**THE PROBLEM**
Pictures should be left out while the data beneath this task is written out word for word.

**DATA BELOW**
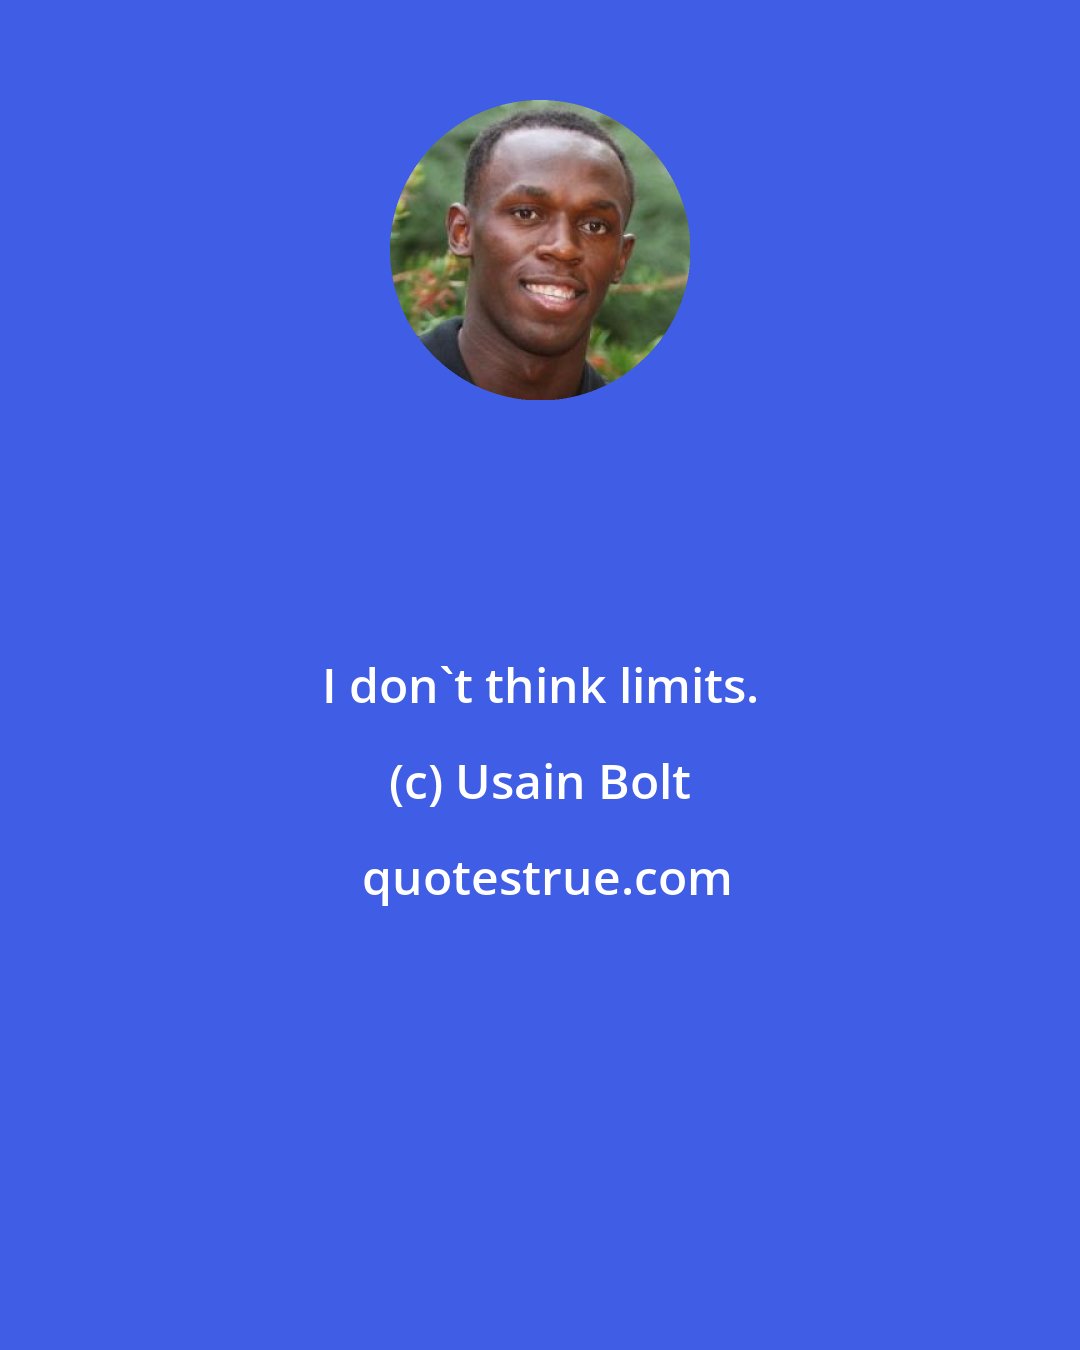 Usain Bolt: I don't think limits.
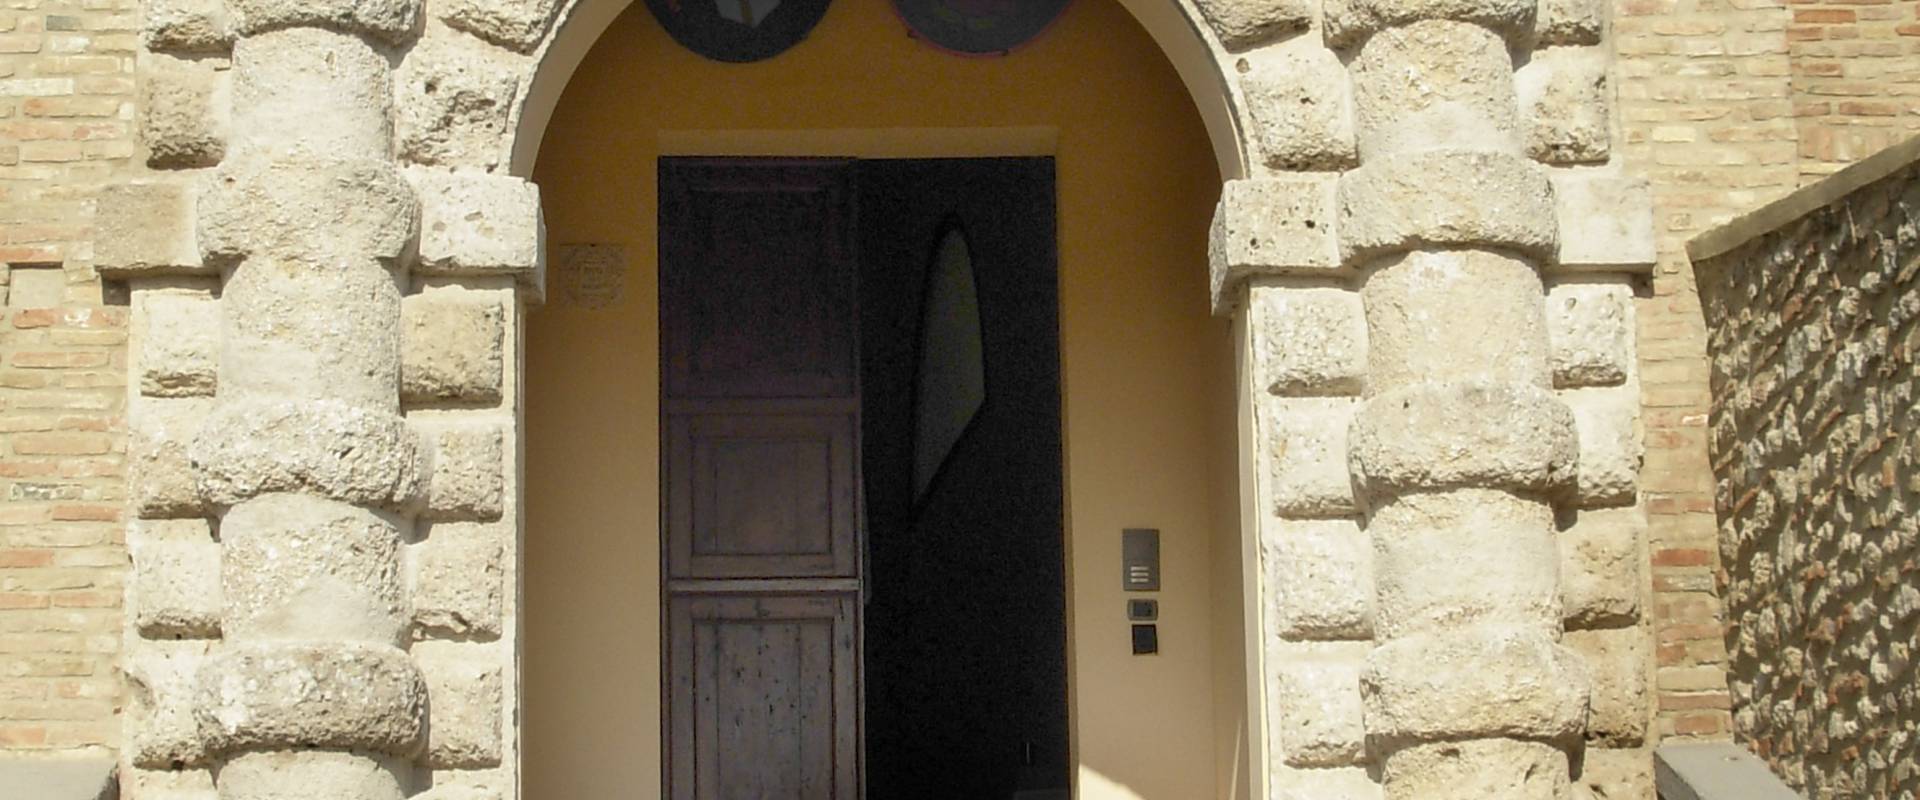 Porta ingresso rocca bertinoro photo by Ilicemonti50
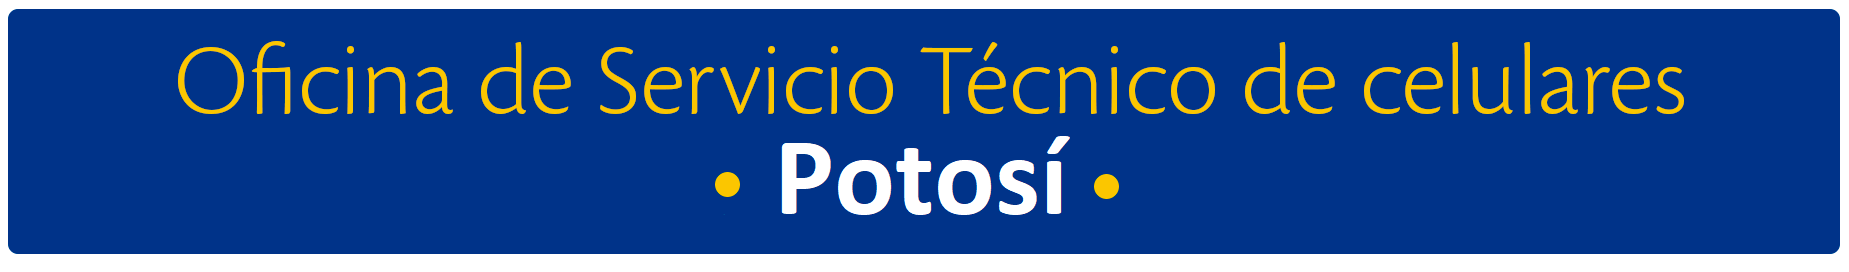 aw-titulo_Potosi_servicio_tecnico.png
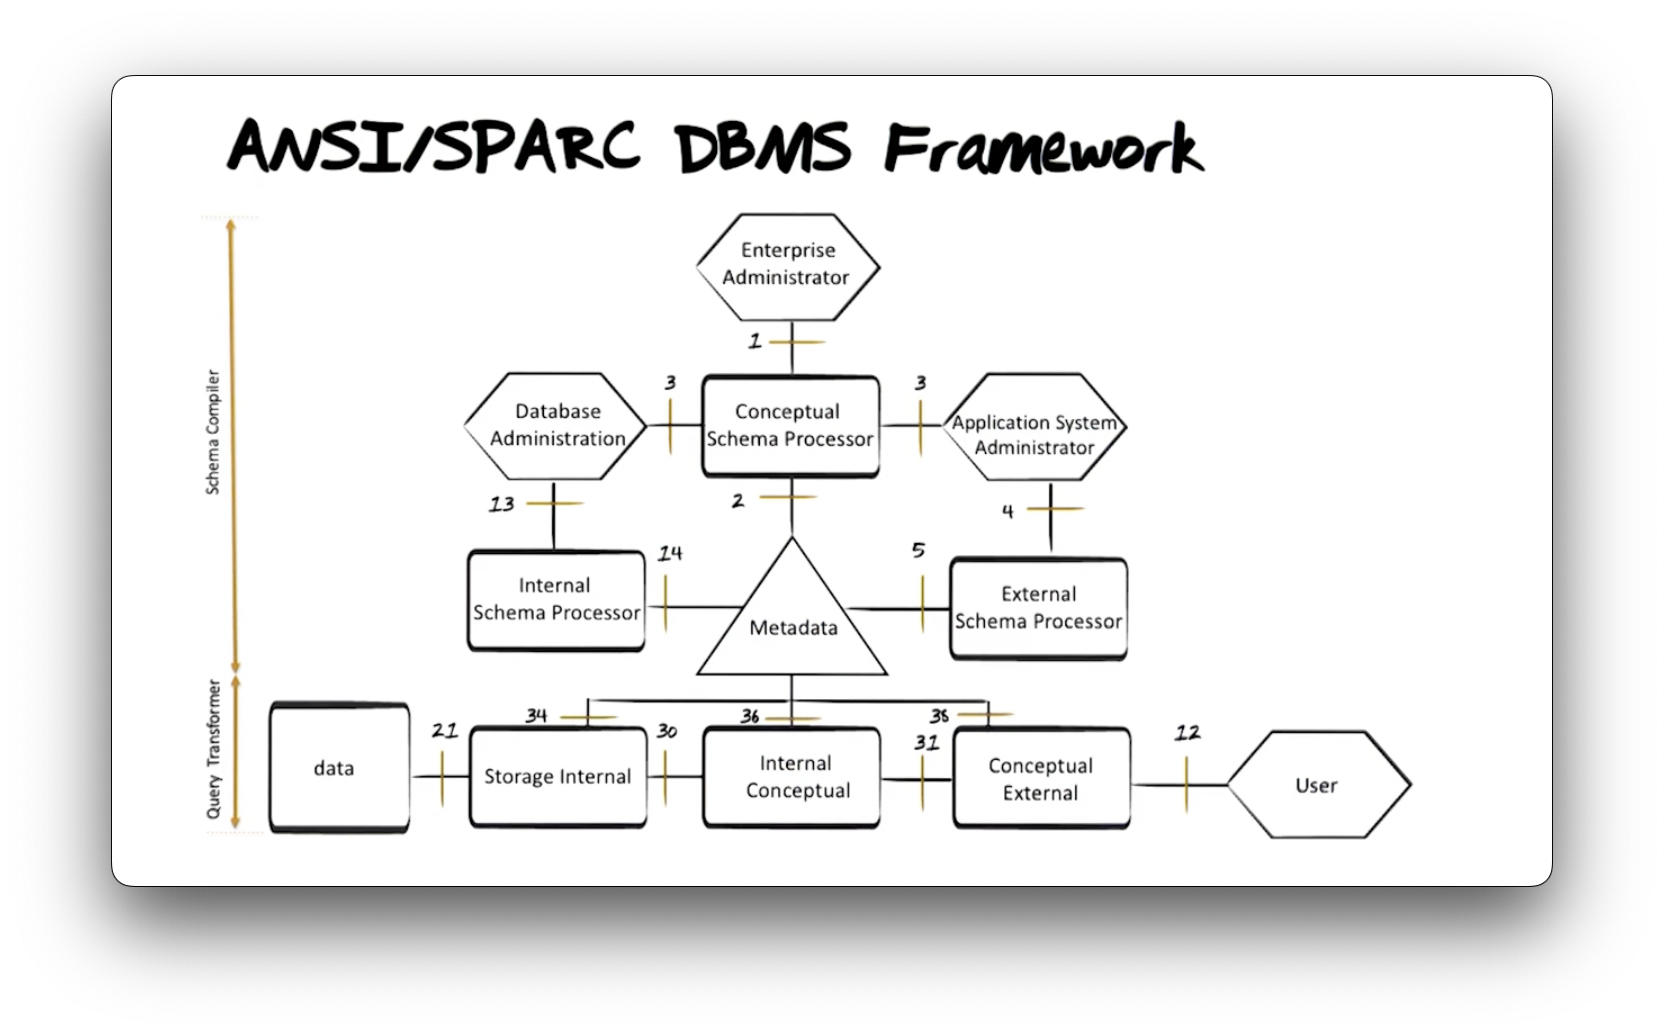 The ANSI/SPARC DBMS Framework.

**EXERCISE RESPONSE**
 Usain Bolt: I don't think limits.
 Porta ingresso rocca bertinoro photo by Ilicemonti50
 aw-titulo_Potosi_servicio_tecnico.png
 The ANSI/SPARC DBMS Framework.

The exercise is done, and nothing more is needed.